Explain the visualizations you've chosen.

As far as the visualizations are concerned, we chose an interactive d3 scatterplot that will allow the user to have an overview of the factors of accidents. The two axis correspond to the total number of accidents and the total number of deaths or injuries. When the user hover above the specific factor he gets more detailed info, the borough name with the most deaths and injuries and the exact count of the deaths and injuries at that specific borough.

The second visualization is a geoplot of NY map where the user can see the centroids of the clustering both for accidents and traffic. He can toggle between the different number of clusters by clicking or hovering above the predefined buttons.

Why are they right for the story you want to tell?

The scatter plot allow the user to see which is the correlation between the number of accidents and the number of death and injuries. To give an example if a factor has a large number of death and injuries but few total number of accidens that means that this factor is very threatening. On the other hand if a factor has a handfull of death and injuries and many occurances that would suggest it is not very fatal.

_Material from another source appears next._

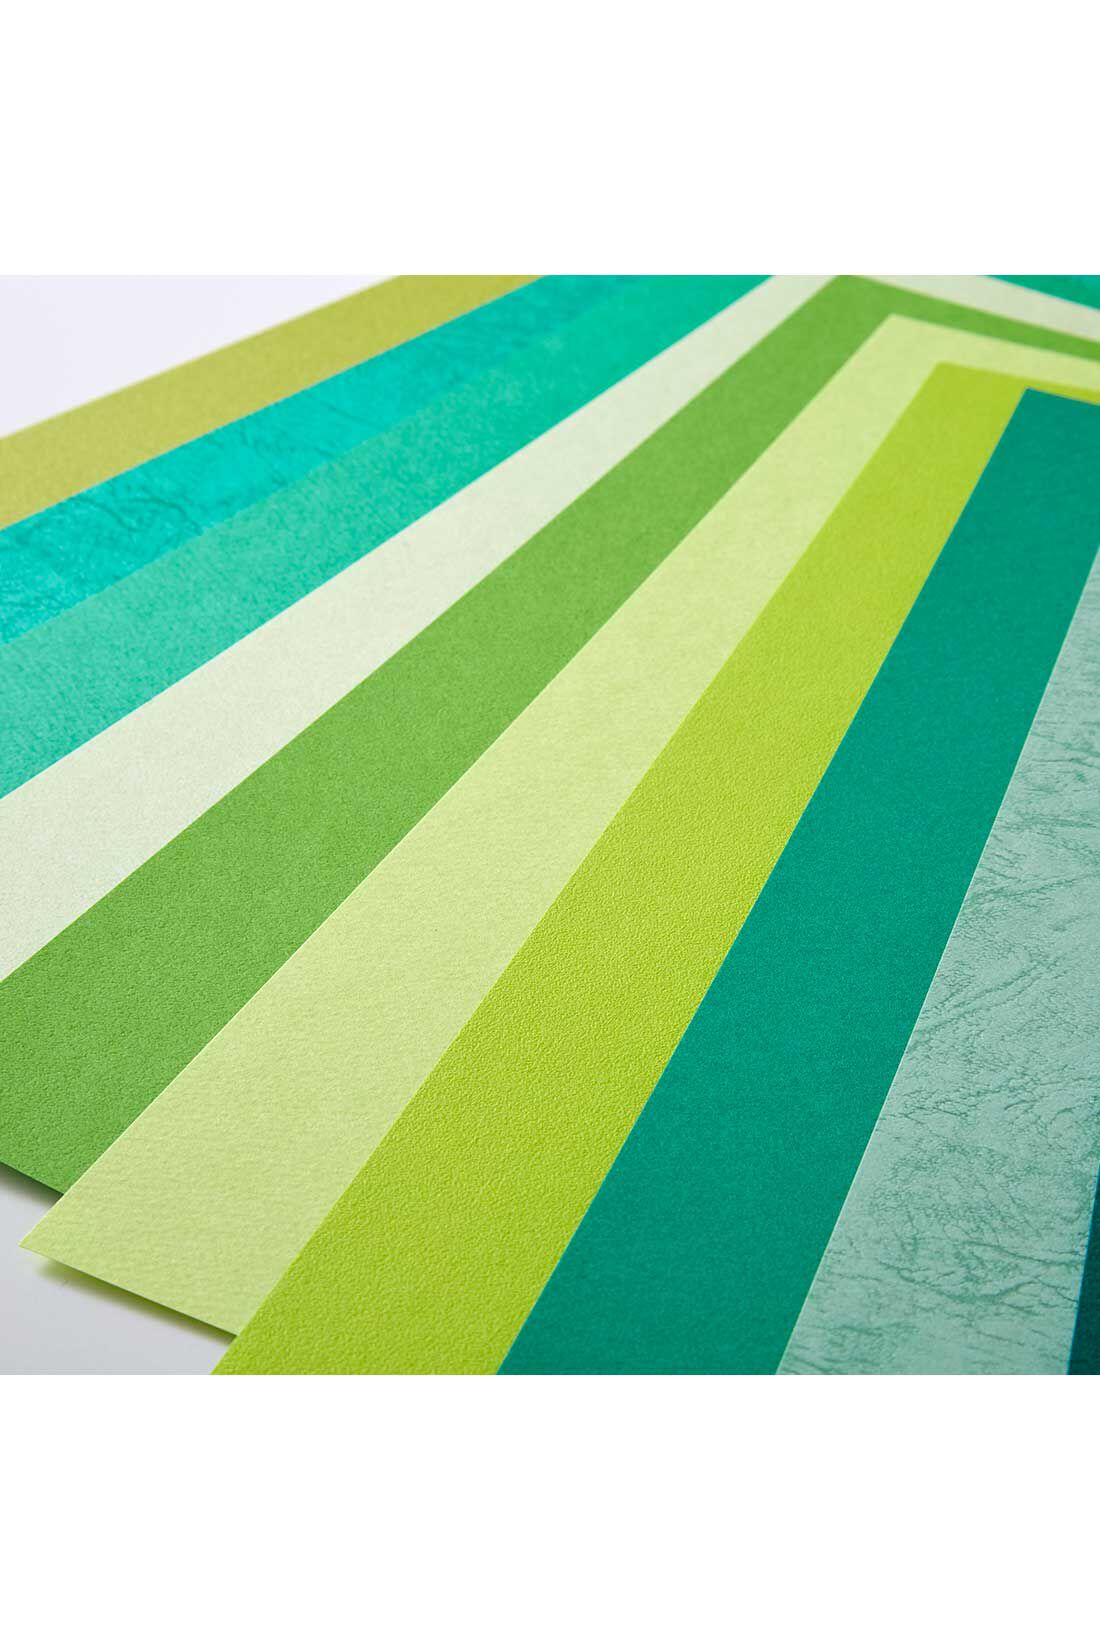 OSYAIRO|OSYAIRO 紙の専門商社竹尾が選ぶ　色を楽しむ紙セットの会〈緑〉|明るい緑や渋めの緑、青っぽい緑に黄色っぽい緑etc. 色の幅が広いのも緑の特徴です。

The purpose of the geoplot is to give to the user the ability to directly compare the centroids of traffic and accidents. Thus the user will be able to tell if there is any correlation between traffic and accidents.

Creating .csv file for the d3.js visualization

At these part we are extracting the needed data for the d3 scatter plot visualization. These are VEHICLE 1 FACTOR,total Deaths And Injuries,Number of Accidents,BOROUGH and Total number of deaths and injuries in theat borough


In [88]:
# Retrieving data for scatter Plot
# removing unspecified factors from data and NaN values from boroughs.
DataScatter=data.loc[(data['VEHICLE 1 FACTOR'] !="UNSPECIFIED")&
                     (data['BOROUGH'] >"")]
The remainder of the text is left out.